Created attachment 107068 [details] dmesg log Yijing reported a hotplug problem [1] with a Huawei rh5885 and a QLogic QLE2562 Fibre Channel HBA. If a slot is empty at boot-time, BIOS configures the Root Port leading to the slot with a Max_Payload_Size (MPS) of 128. When a device is hot-added, it powers up with the default MPS=128, and Linux doesn't change that, so the card works correctly. If the slot contains a QLogic FC card at boot-time, BIOS configures the Root Port and the FC card with MPS=256, and the card again works correctly. If the card is hot-removed and hot-added back, the card powers up with MPS=128. Linux doesn't change the MPS, so the card doesn't work because it has MPS=128 while the Root Port has MPS=256. This problem is not specific to the Huawei platform or the QLogic device. Linux needs to make sure MPS settings are safe after the hot-add event. [1] https://lkml.kernel.org/r/505456FD.6040801@huawei.com
The reference discussion link: http://marc.info/?l=linux-scsi&m=134788365823217&w=2 Joe Jin <joe.jin@oracle.com> also reported the same problem found in their E1000 device. reference discussion link: http://marc.info/?l=e1000-devel&m=134182518500774&w=2 We can work around this issue by appending "pci=pcie_bus_safe" boot command. But this is not a smart solution. I will provide the patch to fix this problem be triggered by hotplug soon.

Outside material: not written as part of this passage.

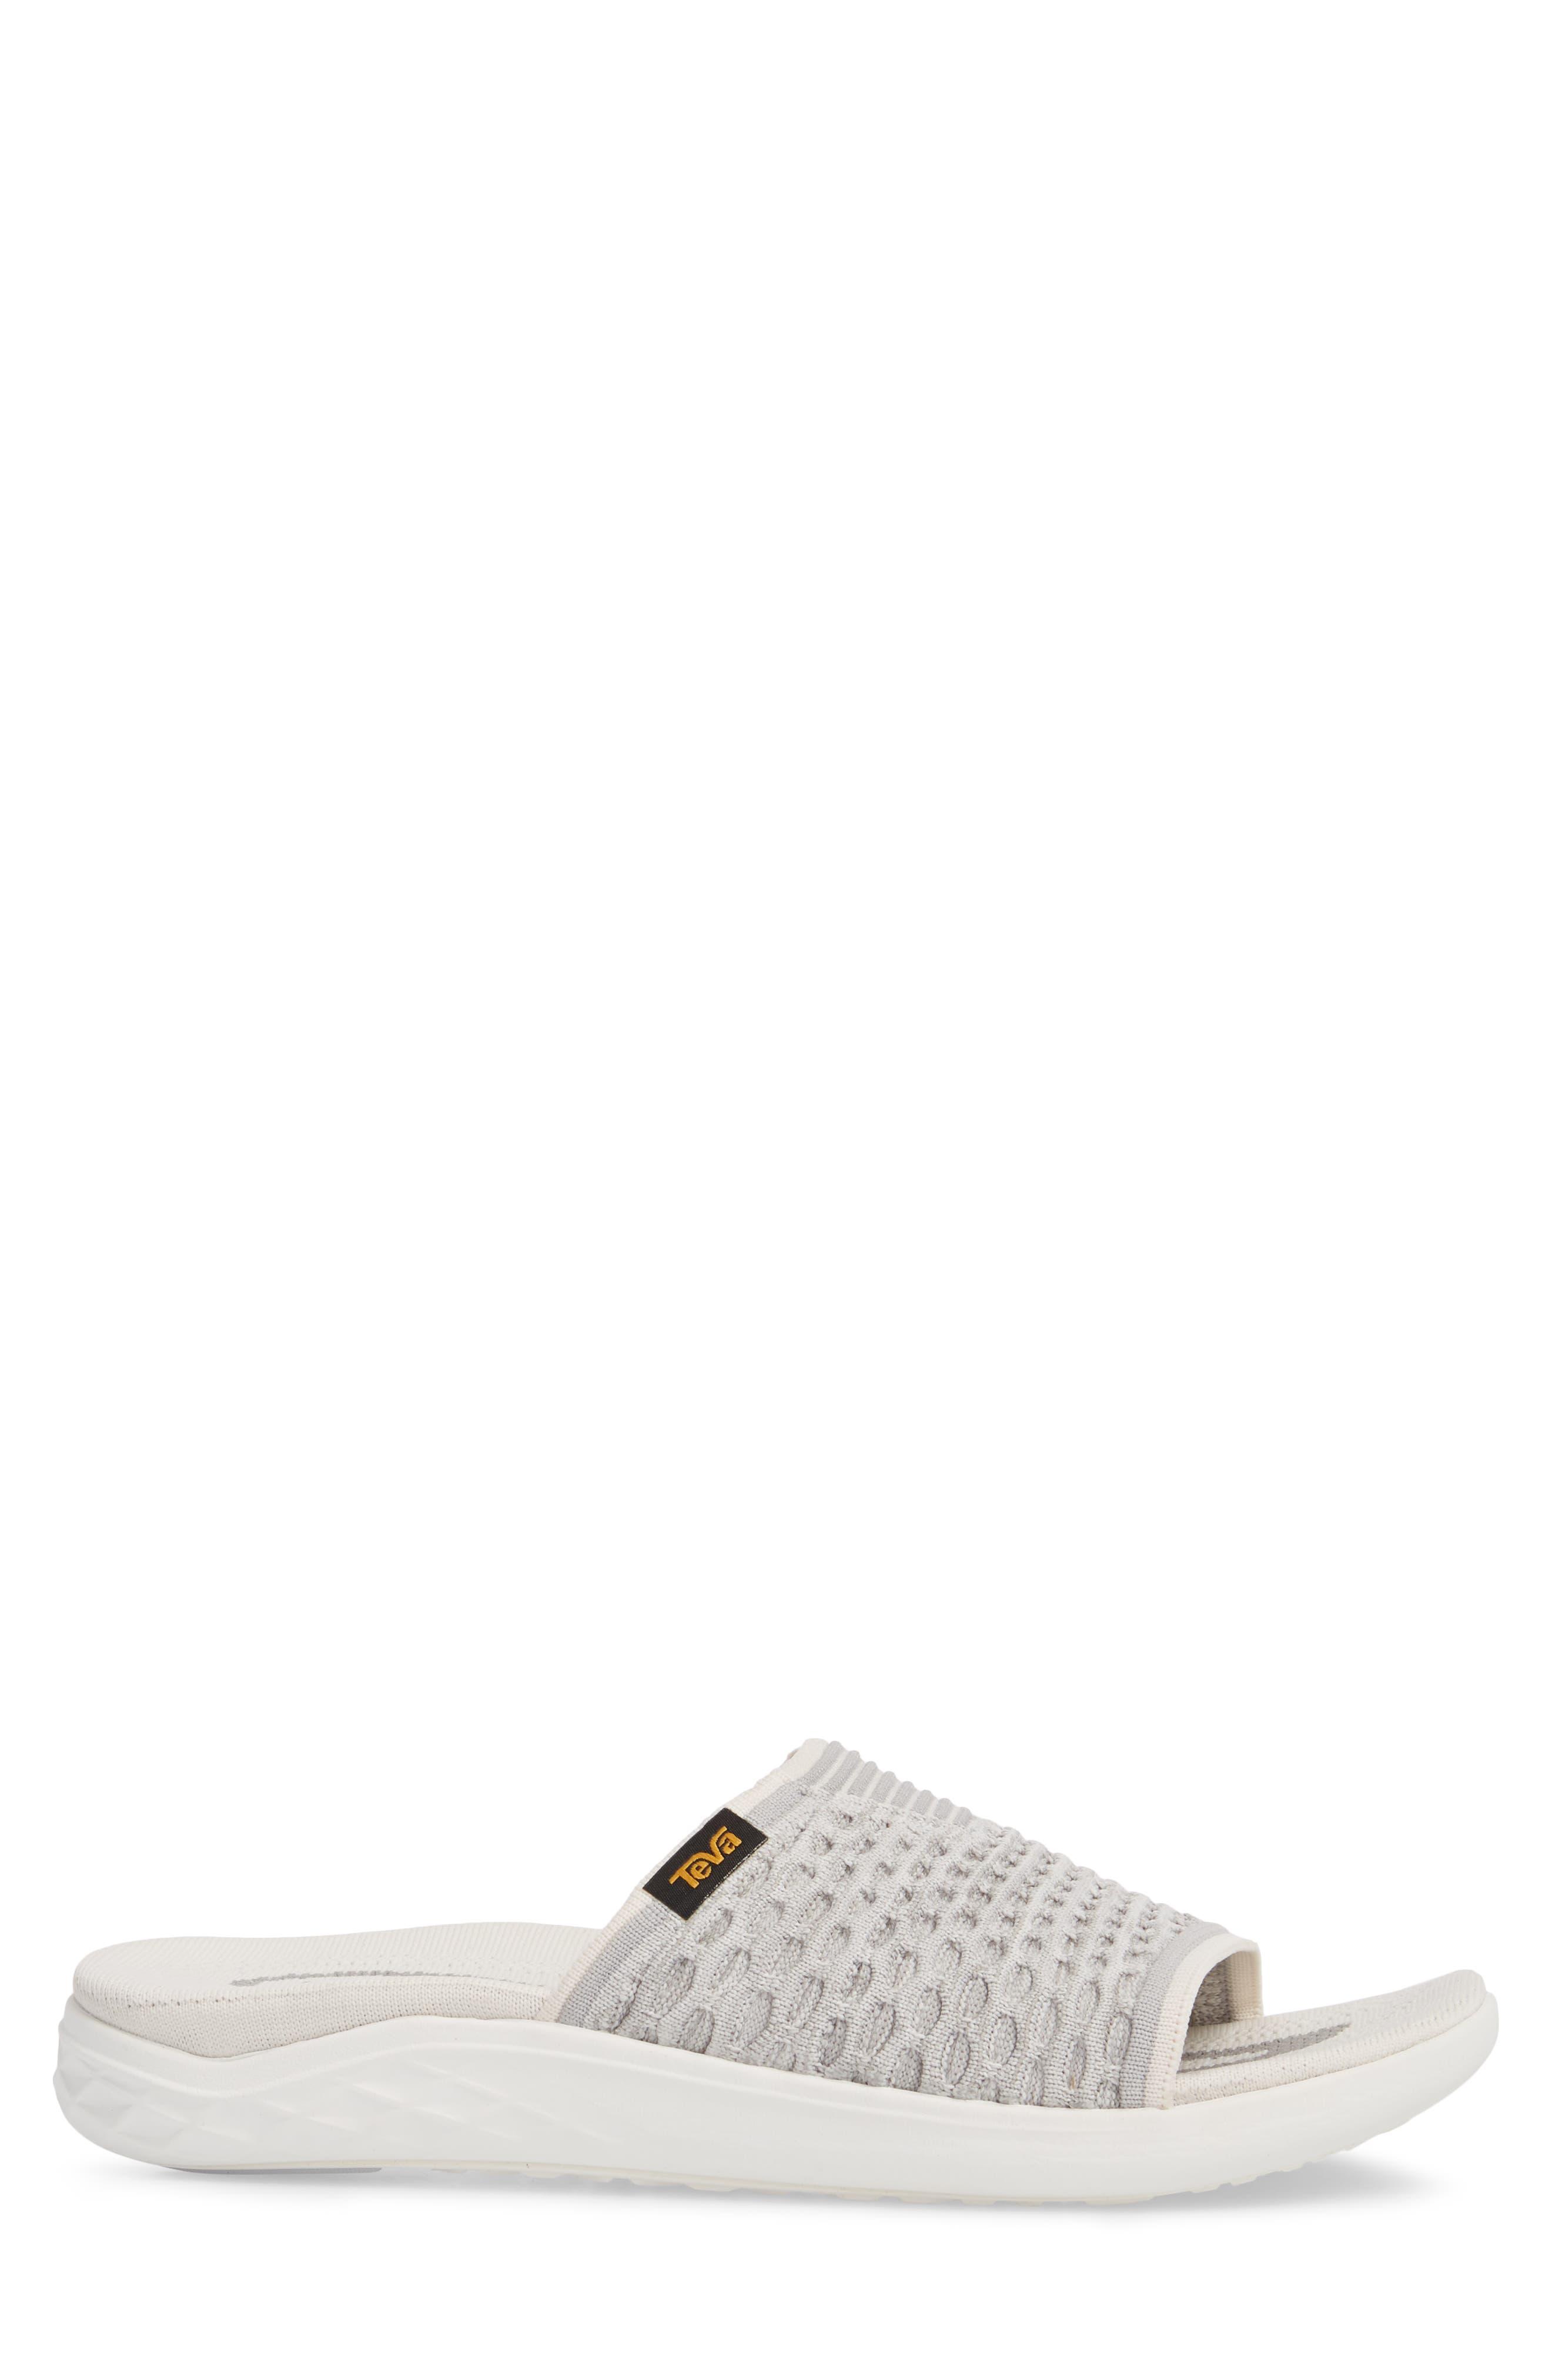 Terra-Float 2 Knit Slide Sandal,                             Alternate thumbnail 3, color,                             Bright White

Joe is seeing a different problem. In Joe's case, there is no hotplug event, and in fact, the NIC involved is not hot-pluggable. On Joe's machine, with the default BIOS settings as shown in http://marc.info/?l=e1000-devel&m=134207732924628&w=2, we have the following MPS settings in the path to the NIC: 00:07.0 Root Port bridge to [bus 02-05] MPS=256 02:00.0 Upstream Port bridge to [bus 03-05] MPS=256 03:02.0 Downstream Port bridge to [bus 05] MPS=128 05:00.0 82571EB NIC MPS=128 05:00.1 82571EB NIC MPS=128 The mismatch between MPS settings of 02:00.0 and 03:02.0 causes the problem. If 05:00.0 issues a DMA read, the response can be a TLP with 256-byte payload, which should be rejected as a malformed TLP by 03:02.0. Joe's workaround was to change a BIOS setting so the max MPS value is 128, as shown in http://marc.info/?l=e1000-devel&m=134215430719726&w=2. Then we have this: 00:07.0 Root Port bridge to [bus 02-05] MPS=128 02:00.0 Upstream Port bridge to [bus 03-05] MPS=128 03:02.0 Downstream Port bridge to [bus 05] MPS=128 05:00.0 82571EB NIC MPS=128 05:00.1 82571EB NIC MPS=128 I think the fact that BIOS programmed the MPS settings of 02:00.0 and 03:02.0 differently is pretty clearly a BIOS bug. It's possible that Linux could issue a warning or even fix it up, but I don't think the patch proposed for this bug (bug 60671) will help Joe's issue.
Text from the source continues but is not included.